=== ABOUT THIS TASK ===
Verbatim copy without images: return all of the data as it stands.

=== SUPPLIED INFORMATION ===
--------------------------------------------------

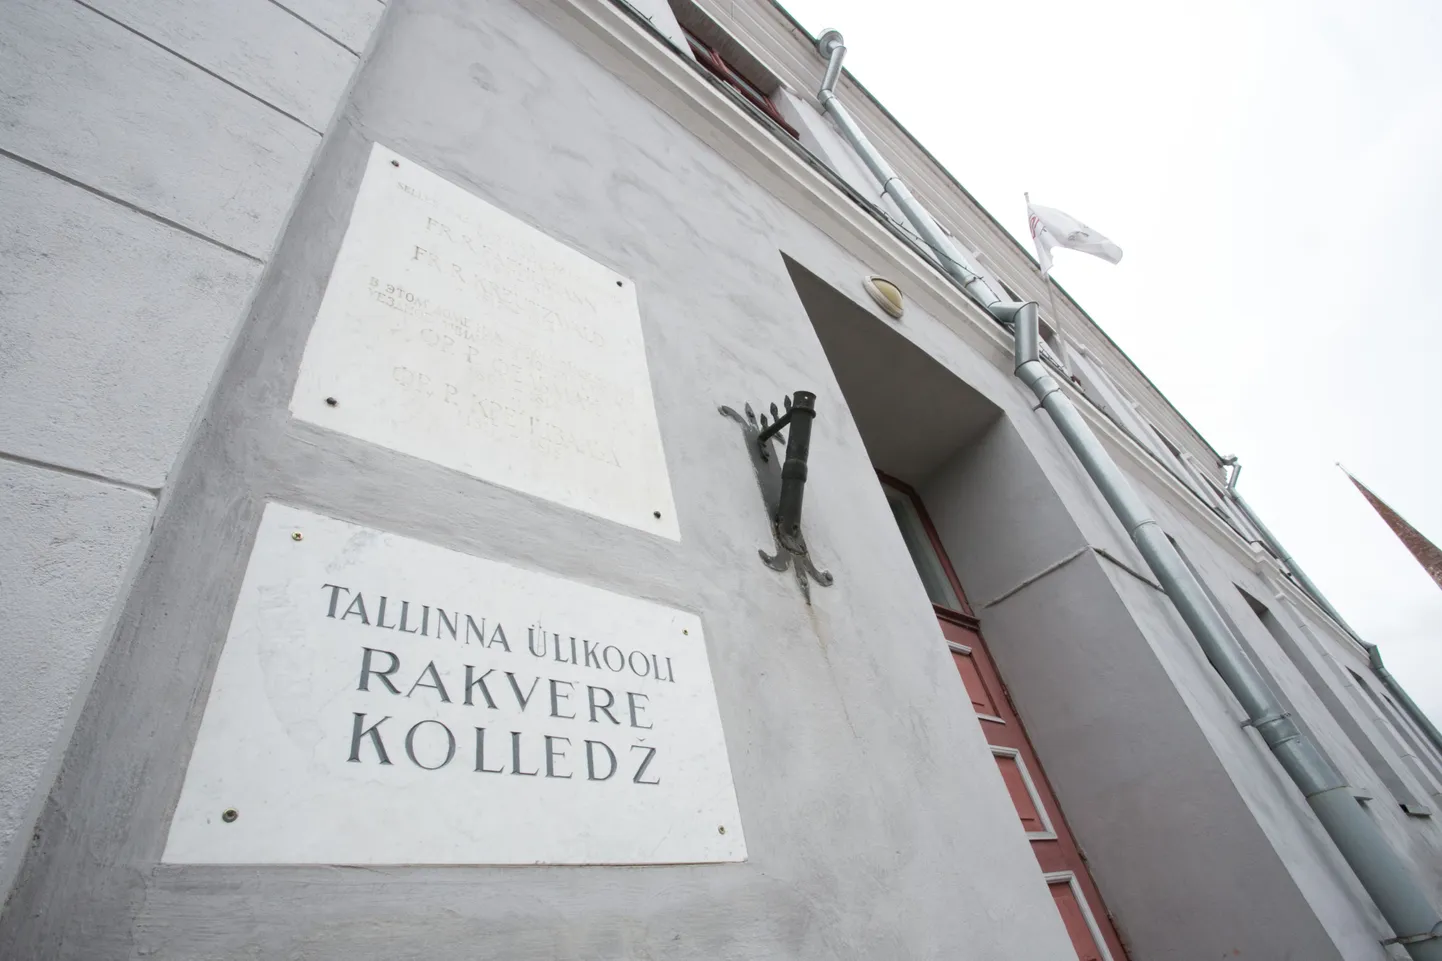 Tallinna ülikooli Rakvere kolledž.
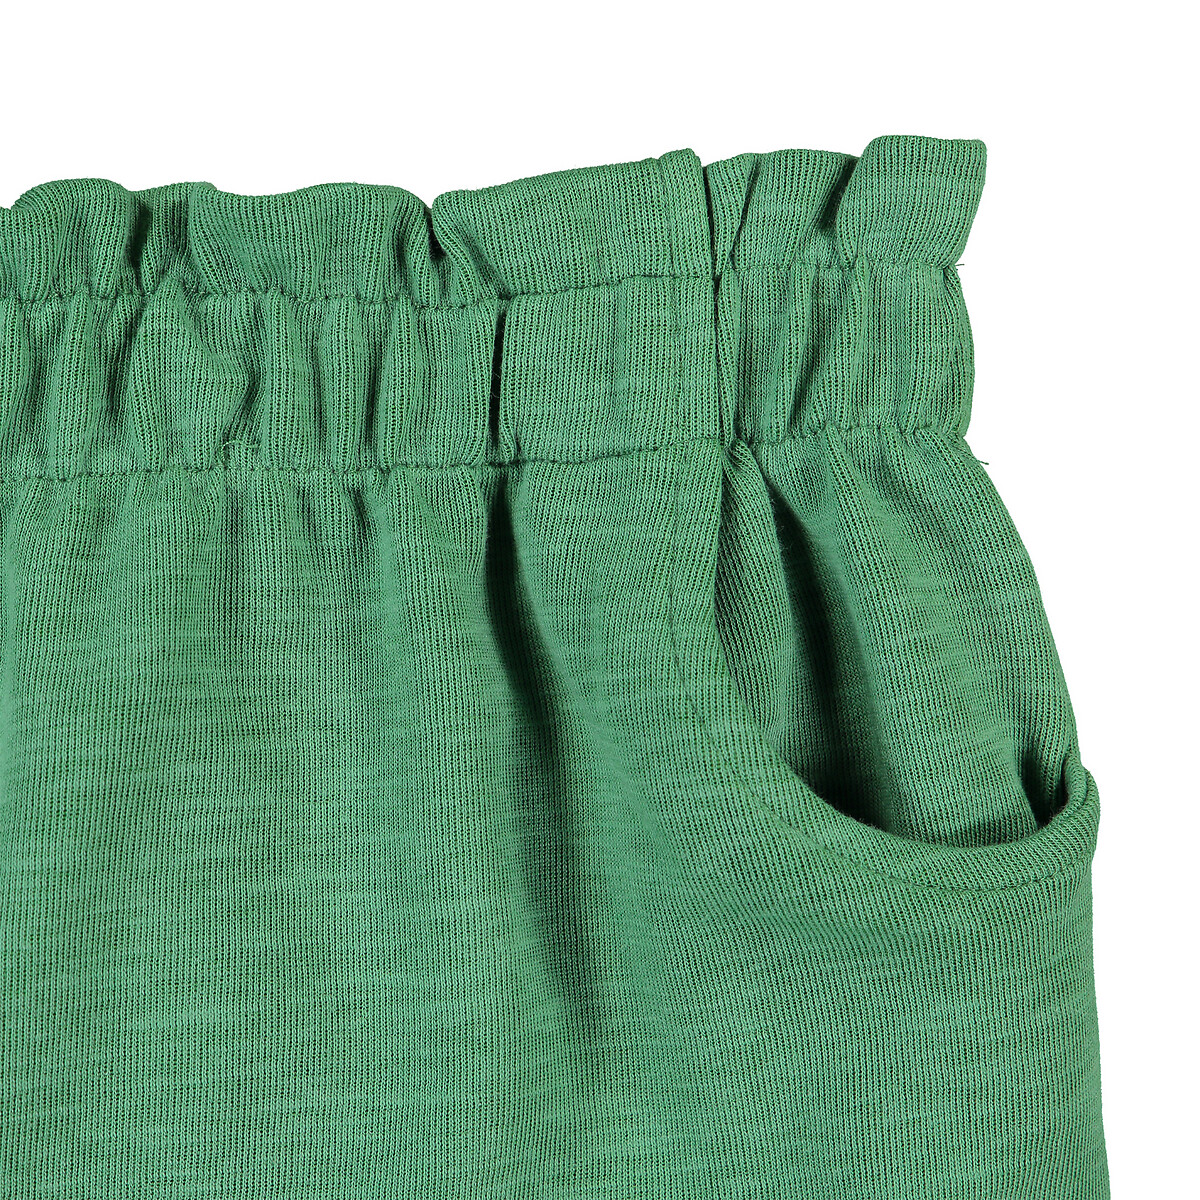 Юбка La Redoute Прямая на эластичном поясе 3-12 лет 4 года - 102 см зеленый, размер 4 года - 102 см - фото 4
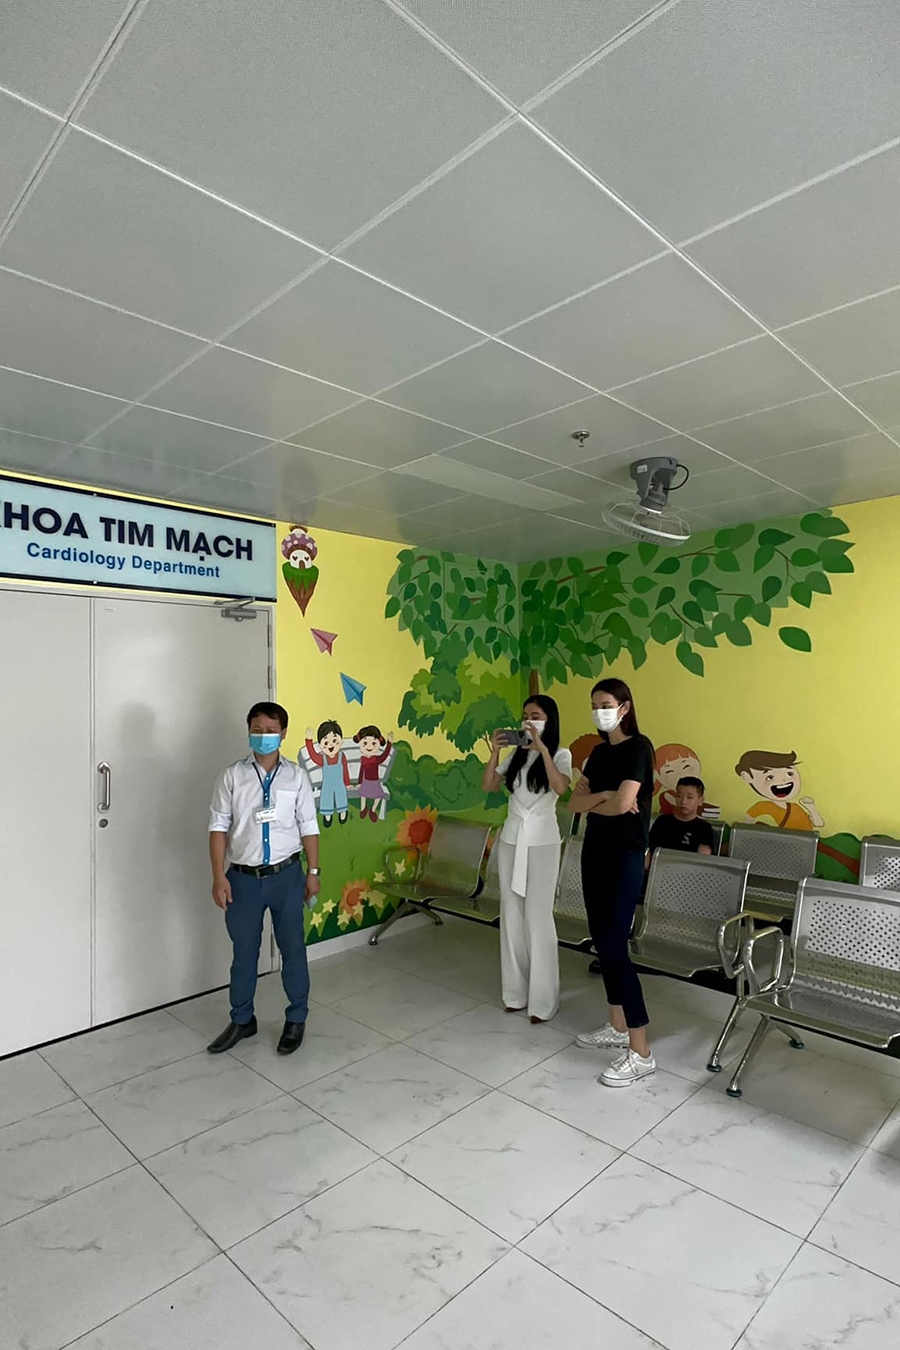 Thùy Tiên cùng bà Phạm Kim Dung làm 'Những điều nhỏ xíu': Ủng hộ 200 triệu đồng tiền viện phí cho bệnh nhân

--------------------------------------------------

=== WRITTEN SOLUTION ===
 Tallinna ülikooli Rakvere kolledž.
 Юбка La Redoute Прямая на эластичном поясе 3-12 лет 4 года - 102 см зеленый, размер 4 года - 102 см - фото 4
 Thùy Tiên cùng bà Phạm Kim Dung làm 'Những điều nhỏ xíu': Ủng hộ 200 triệu đồng tiền viện phí cho bệnh nhân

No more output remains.